Let us introduce the following notation:

- ${x}_{s}-$vector of distinctive features of the recognized signal,
- ${x}_{i}-$vector of distinctive features of i-th pattern signal (i – the number of the pattern signal, $i\in \left\{1,\dots ,M\right\}$ ),
- ${d}_{s,i}=d\left({x}_{s},{x}_{i}\right)-$the distance between the distinctive features vector of the recognized signal and the distinctive features vector of i-th pattern signal; the distance ${d}_{s,i}$ is the Mahalanobis distance taking into account the correlations of the distinctive features.
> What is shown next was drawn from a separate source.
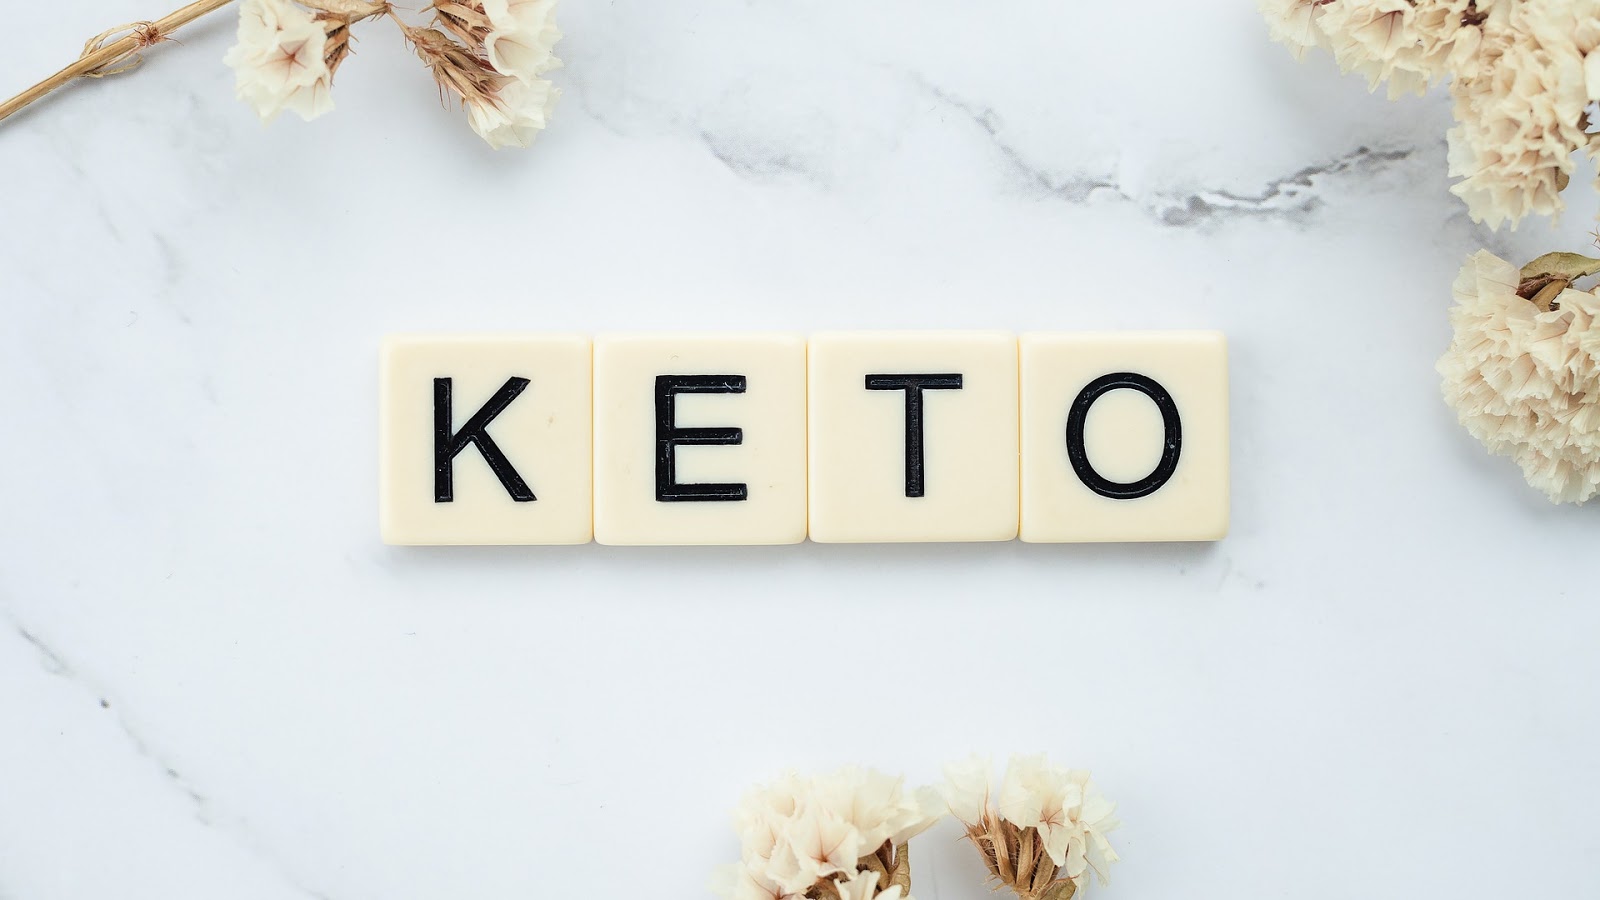 The Keto Diet: Should You or Shouldn’t You?

The signal recognition classifier compares the distance $d\left({x}_{s},{x}_{i}\right)$ with the acceptable positive distance of the classification $\delta $ . The distance $\delta $ is the limit that we will interpret as a boundary of emitter pattern recognition. We will divide the set of pattern signals into two subsets: the patterns satisfying the positive classification condition in relation to the recognized signal s – ${\mathit{D}}_{s}^{+}$ and the patterns that do not satisfy the positive classification condition – ${\mathit{D}}_{s}^{-}$. The formal definition is as follows:

$${\mathit{D}}_{s}^{+}=\left\{\hspace{0.33em}i\in \left\{1,\dots ,M\right\}|{d}_{s,i}\le \delta \right\}$$

$${\mathit{D}}_{s}^{-}=\left\{\hspace{0.33em}i\in \left\{1,\dots ,M\right\}\left|{d}_{s,i}\right.\u232a\delta \right\}$$

In the paper we propose the following method of determining the basic belief assignment on a set of pattern signals, which is related to the distance between a signal and a pattern in the distinctive features space:

$${m}_{s}\left(i\right)={e}^{-d({x}_{s},{x}_{i})}$$

As one can see from the formula (75) if $d\left({x}_{s},{x}_{i}\right)=0$ then ${m}_{s}\left(i\right)=1$ , whereas if $d\left({x}_{s},{x}_{i}\right)>0$ then $0<{m}_{s}\left(i\right)<1$ . The above measure is not normalized, hence we will normalize it

$${\tilde{m}}_{s}\left(i\right)=\frac{{m}_{s}\left(i\right)}{{{\displaystyle \sum}}_{i=1}^{M}{m}_{s}\left(i\right)}$$

The sum of the measures assigned to all the emitters, whose distinctive features lie outside the limit $\delta $ , will be treated as a measure assigned to the base hypothesis “unknown” (U)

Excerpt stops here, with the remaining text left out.